## Required action
What you return must be the full data, repeated verbatim, with no pictures in it.

## Information shown

________________________________________

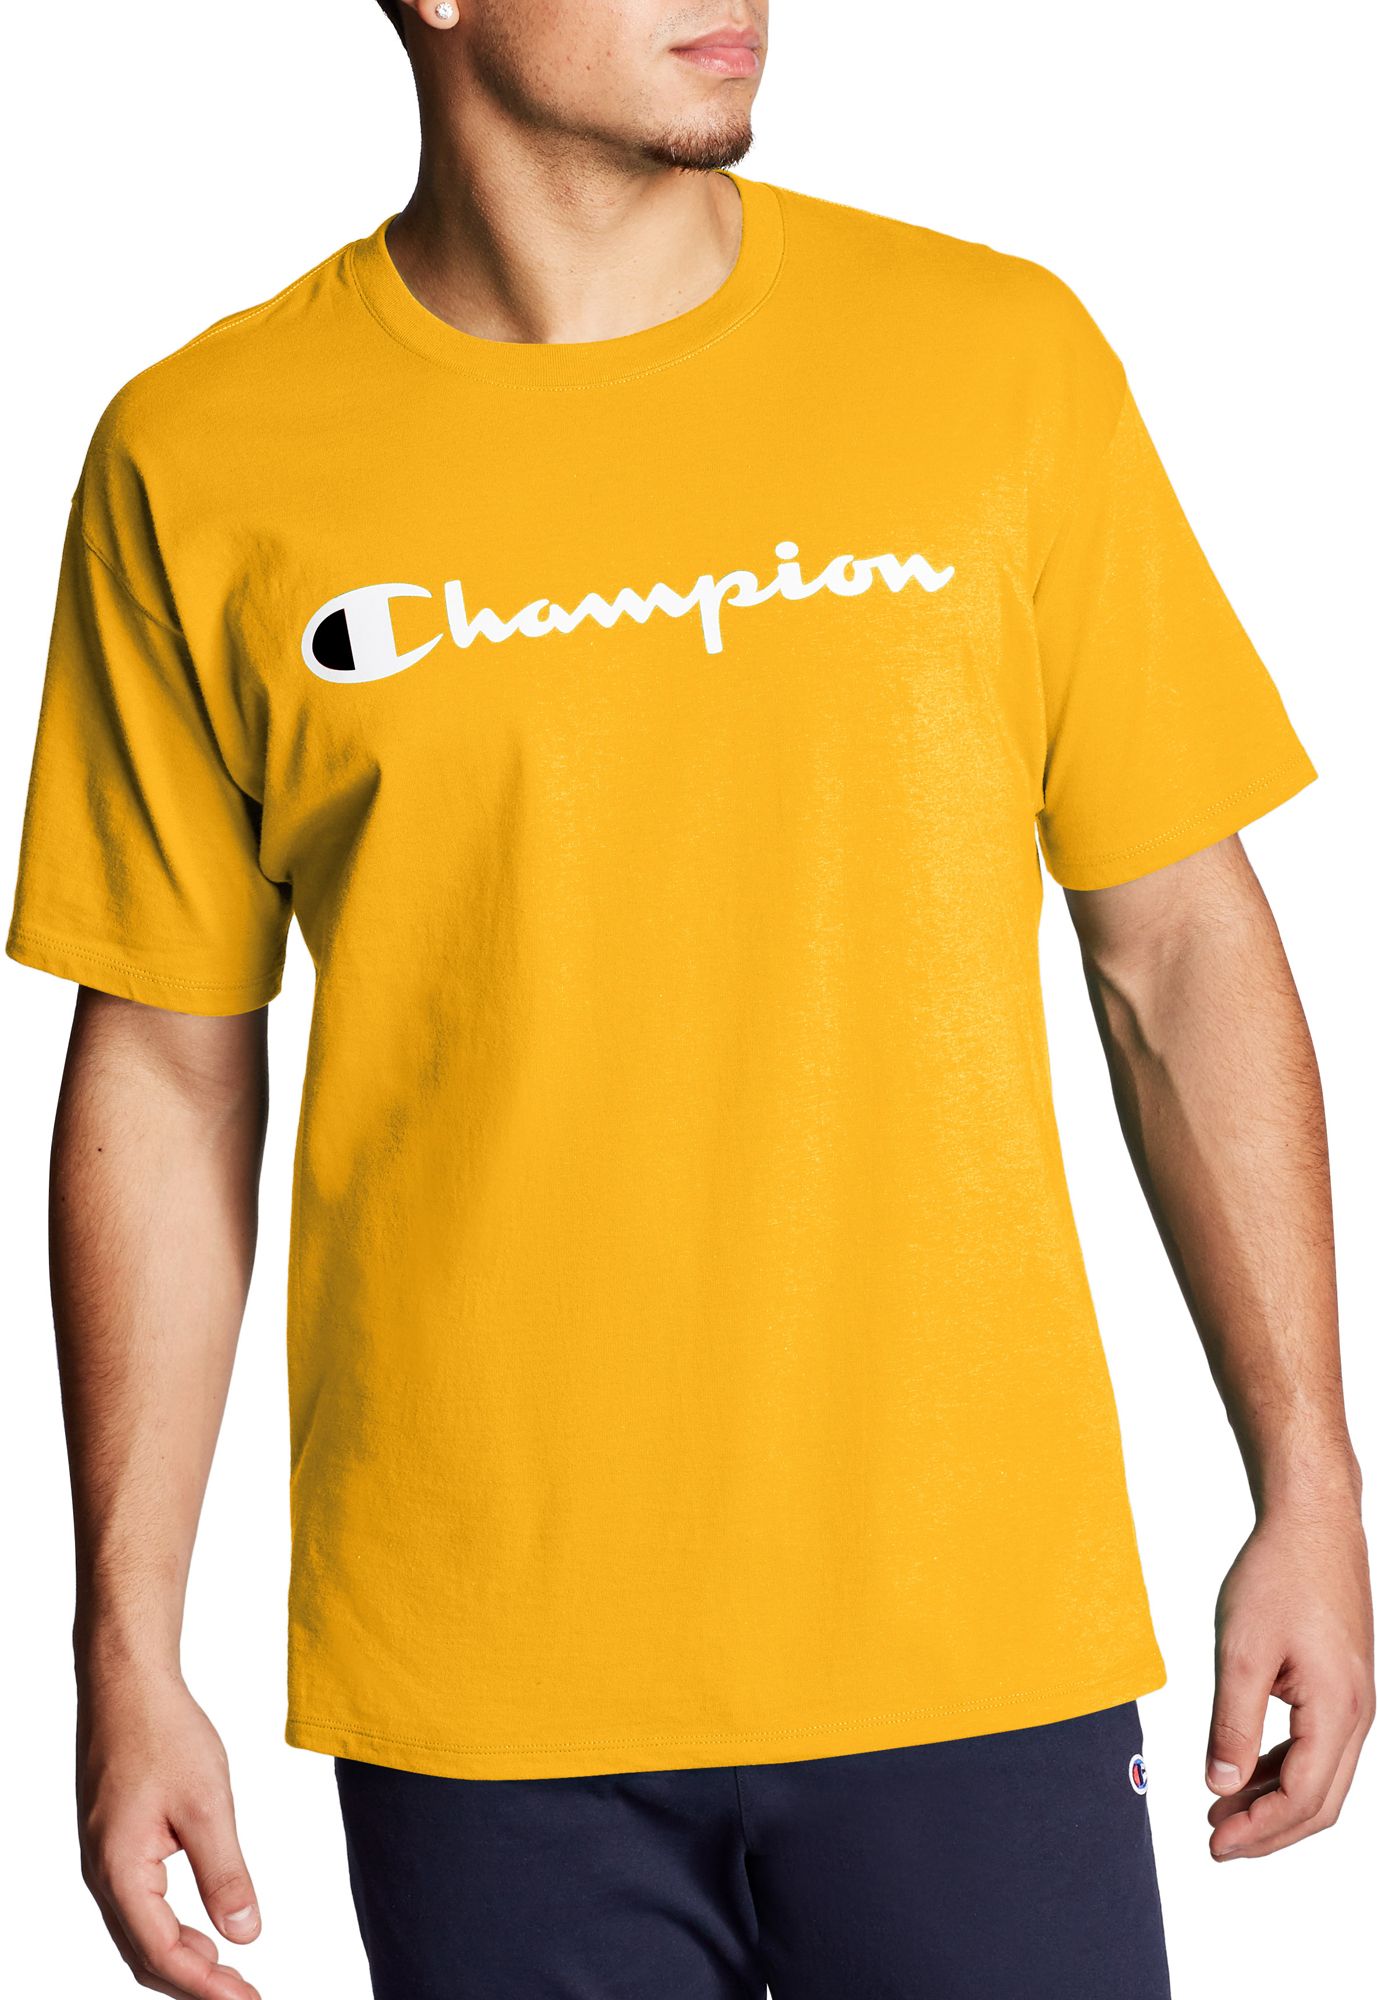 yellow champion shirt men
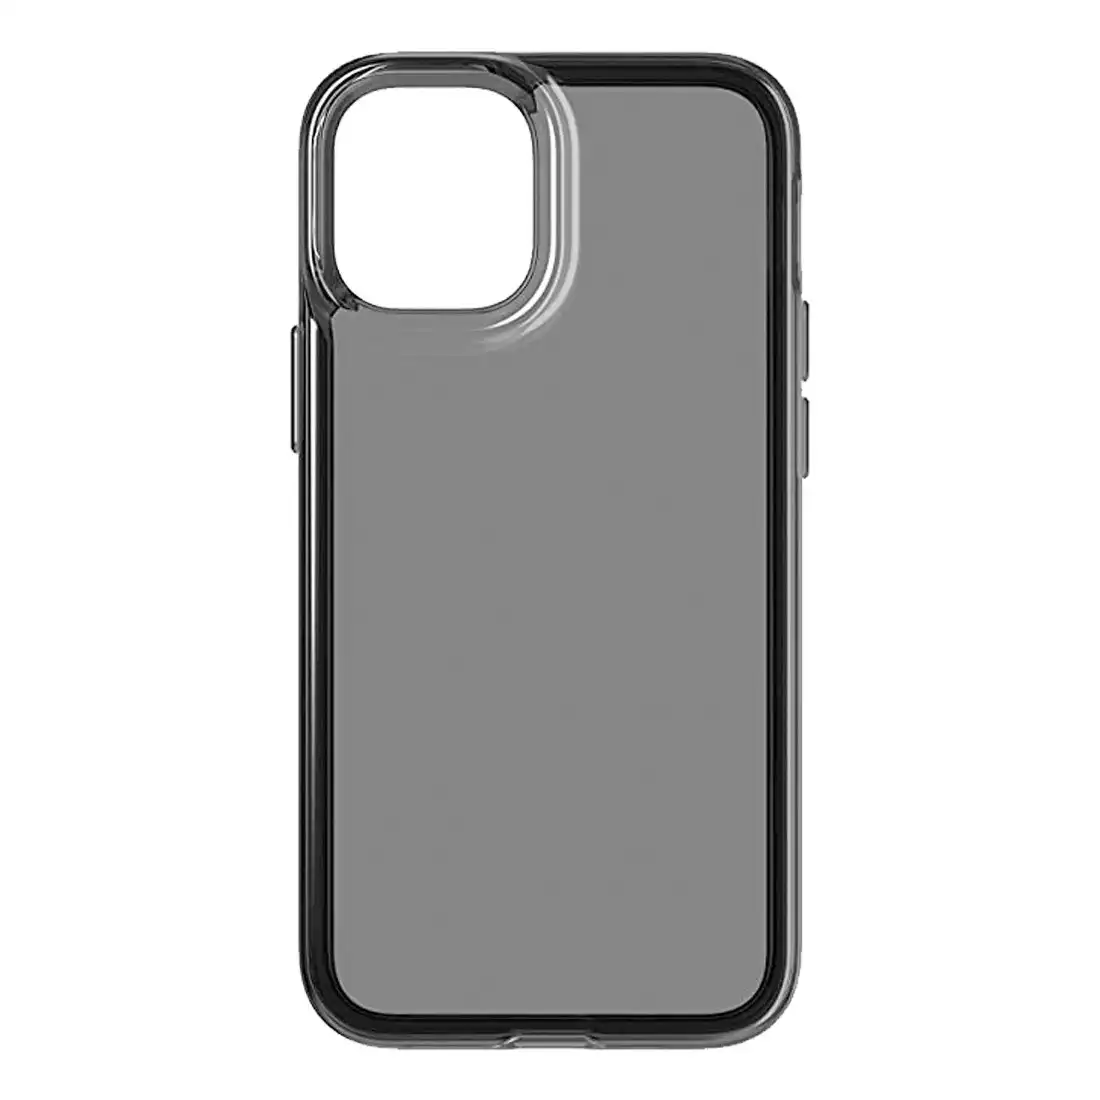 Tech21 Evo Tint Case for iPhone 12 mini T21-8358 - Carbon
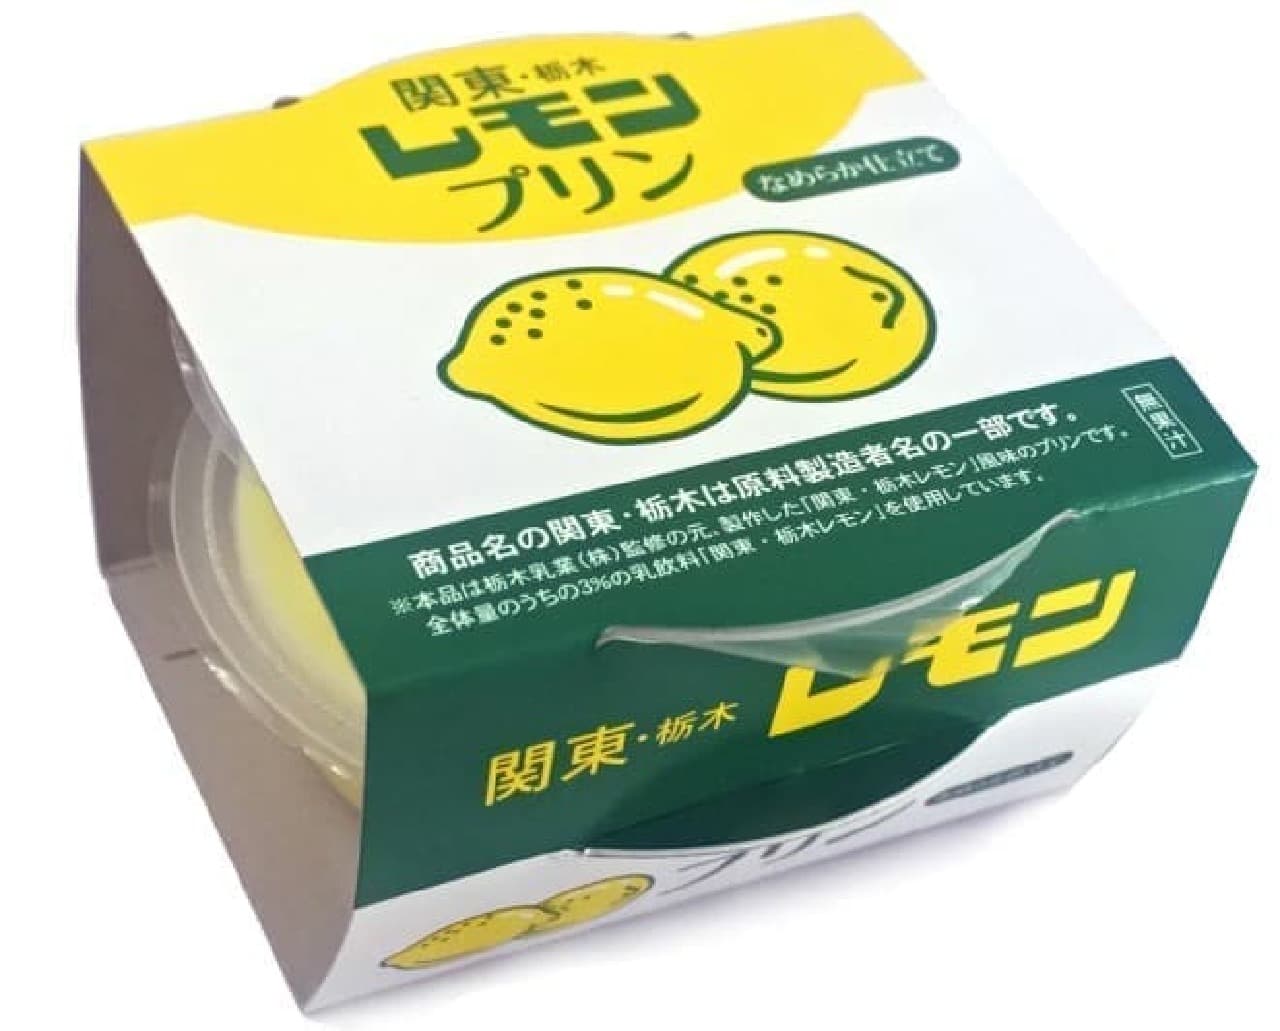 "Kanto / Tochigi Lemon Pudding" which became "Kanto / Tochigi Lemon"
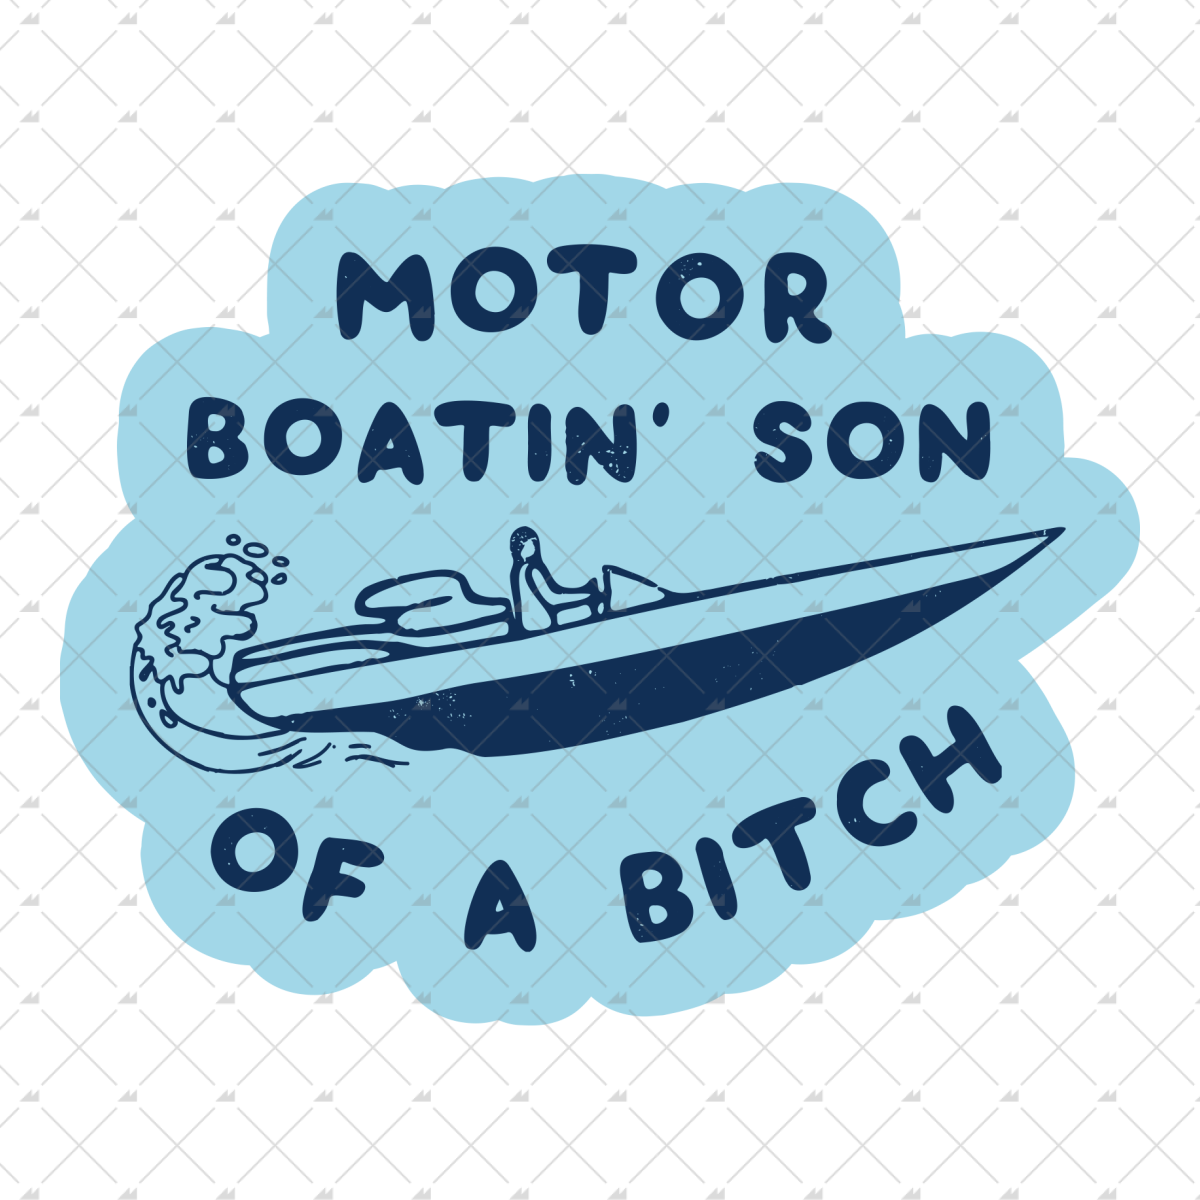 Motor Boatin' Son Of a Bitch - Sticker

________________________________________

## Answer
 yellow champion shirt men
 Tech21 Evo Tint Case for iPhone 12 mini T21-8358 - Carbon
 "Kanto / Tochigi Lemon Pudding" which became "Kanto / Tochigi Lemon"
 Motor Boatin' Son Of a Bitch - Sticker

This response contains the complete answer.